Ali Koç, Fenerbahçe’nin başına geçtikten sonra bir karar aldım; ‘Koç grubu Fenerbahçe’nin yakasından düşene kadar ben Fenerbahçeli değilim!’ Biz büyüklerimizden öğrendik, Hakk yolunda taviz vermemeyi. Bunları söylerken, has Beşiktaşlı olan değerli büyüğümüz rahmetli Hasan Karakaya hocamızın, eski Cumhurbaşkanı için ‘Sezer’in Beşiktaşlı olduğunu duydum, Beşiktaşlılığımı askıya aldım…’(09.09.2004) özdeyişi geldi aklıma. Belki, bizlerin Fenerbahçeli olup olmaması kimseyi fazla ilgilendirmeyebilir ama, kulüp ve toplumumuzun selameti açısından, şahsımın veya bir başkasının alacağı bu tür kararların ‘mahiyetine’ bir göz atmakta yarar var.
Koç Grubu dediğinizde ilk aklıma Gezi olayı aktörlerinin sığınağı haline gelen Divan Otel geliyor! Ekrem İmamoğlu’nun, seçim kazanması kesinleşmeden Fenerbahçe Kulübü’nü ziyaret etmesi ve İBB Genel Sekreterinin Koç Grubu’ndan atanması v.b… Tüm bunları tesadüfe bağlamamak gerek. İBB’nin mevcut başkanı Ekrem İmamoğlu’nun, 2014 yılında Beylikdüzü Belediye Başkanı olur olmaz, belediye bayrağını LGBT (Lezbiyen, Gey, Biseksüel ve Transseksüel) renklerine taşıması akla geliyor. CHP’li Nilüfer Belediyesinin, Mahalle Komiteleri Başvuruları evrakının cinsiyet seçeneklerinde kadın ve erkek bölümüne artı bir seçenek olarak LGBTİ’yi koyması, sürecin vahim boyutunu gözler önüne seriyor. Şu anda da konuşulan, İBB’nin mevcut yönetiminin LGBT’yi teşvik için, çalışan personeline eğitim vereceği yönünde. Oysaki eşcinsellikle mücadele, nesli ve ırzı koruma amacı taşıyor. Kur’an-ı Kerim’de Lût kavminin başına neler geldiğini, yaşanan helak ve azap, A’râf Suresinde yer alıyor…

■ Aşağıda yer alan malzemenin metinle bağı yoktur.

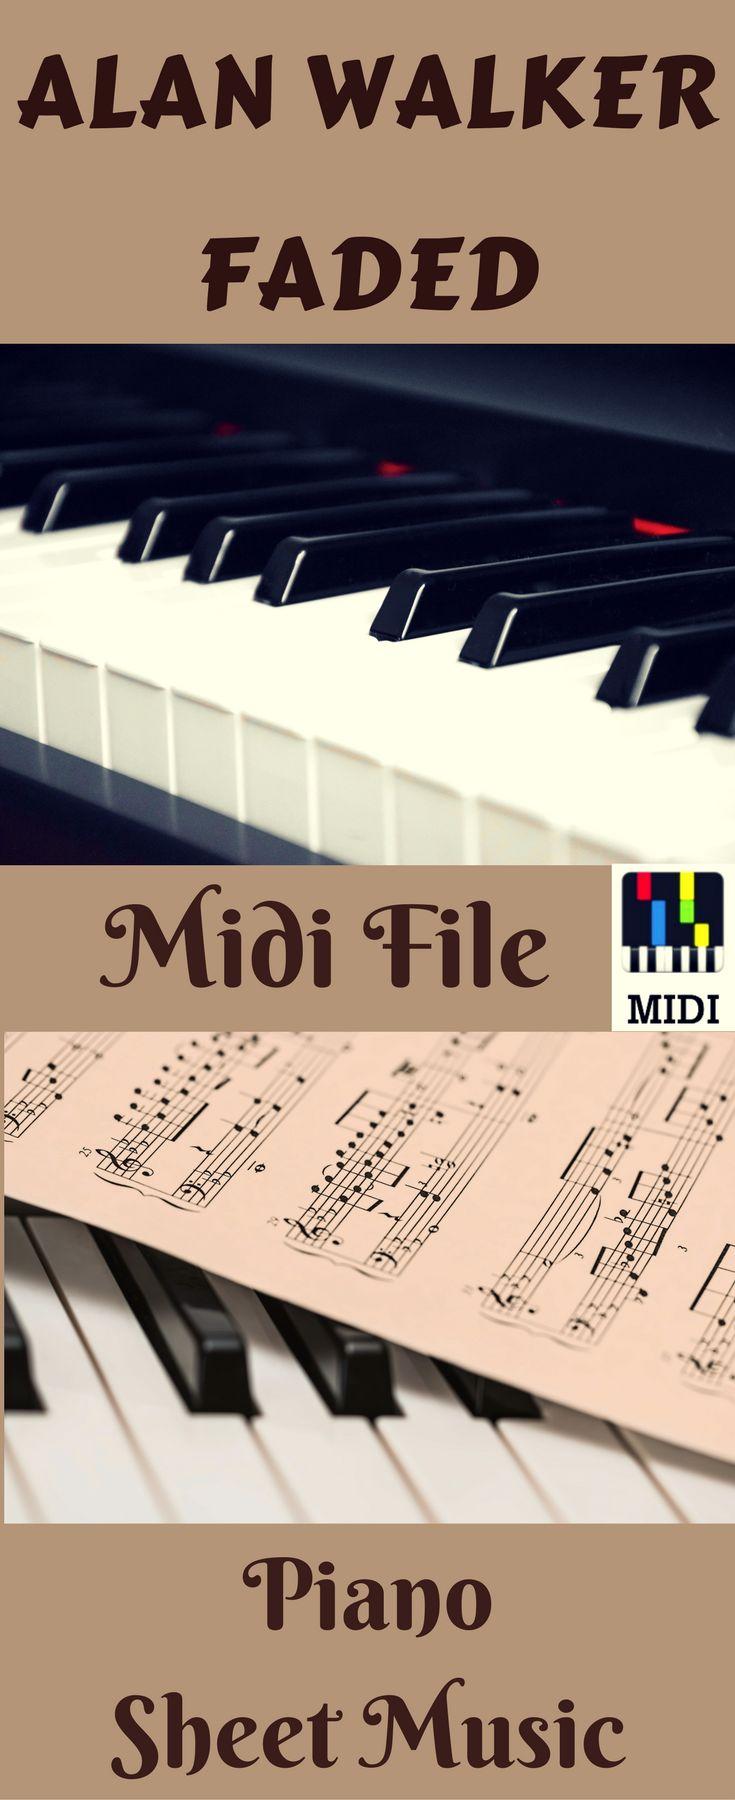 Alan Walker Faded Midi File. Alan Walker Faded Piano Tutorial & Sheet Music. #alanwalker #faded #midifile #sheetmusic #pianotutorial #instrumental

Ekrem İmamoğlu başkanlığındaki İBB’de İstanbul’a, vatandaşa hizmet etmek yerine Allah’ın lanetlediği LGBT gibi çarpık düşüncenin yaygınlaştırılması için çabası sarf edilirken, İstanbul Sözleşmesi’nin iptal edilmesinin hemen ardından, koca Fenerbahçe Kulübü adınaymış gibi mevcut Başkanı Ali Koç’un direktifleri doğrultusunda olsa gerek, açıklama geldi. Kulübün resmi internet sitesinde yer alan ifadede, Fenerbahçe Spor Kulübü olarak İstanbul Sözleşmesi’nin feshedilmesi dair kararın üzüntü verici olduğu endişesi dile getirilerek, fesih kararının yeniden gözden geçirilmesini talebi için, ricacı olunuyor. Resmi Gazete’de yayımlanan fesih kararı belli ki, Ali Koç ve onun gibi düşünenleri üzmüş olmalı. Burada önem taşıyan, Fenerbahçe adının, LGBT gibi Allah’ın lanetlediği bir anlayışa malzeme edilmesi. Bu nedenle sarı-lacivertli ekipte yaşananlar, gerçek Fenerlileri rahatsız ediyor. Ali İhsan ağabeyimiz ‘Gaylerden, lezbiyenlerden Fenerbahçe’ye ne?’ başlıklı yazısının daha ilk paragrafında konuyu o kadar güzel özetlemiş ki; ‘İstanbul Sözleşmesi ile ilgili fesih kararı, Mor Çatı’yı morarttı da.. Gayleri, lezbiyenleri, homoseksüelleri morarttı da.. Ali Koç’un başkanlığındaki Fenerbahçe’ye ne oldu, anlamadım…’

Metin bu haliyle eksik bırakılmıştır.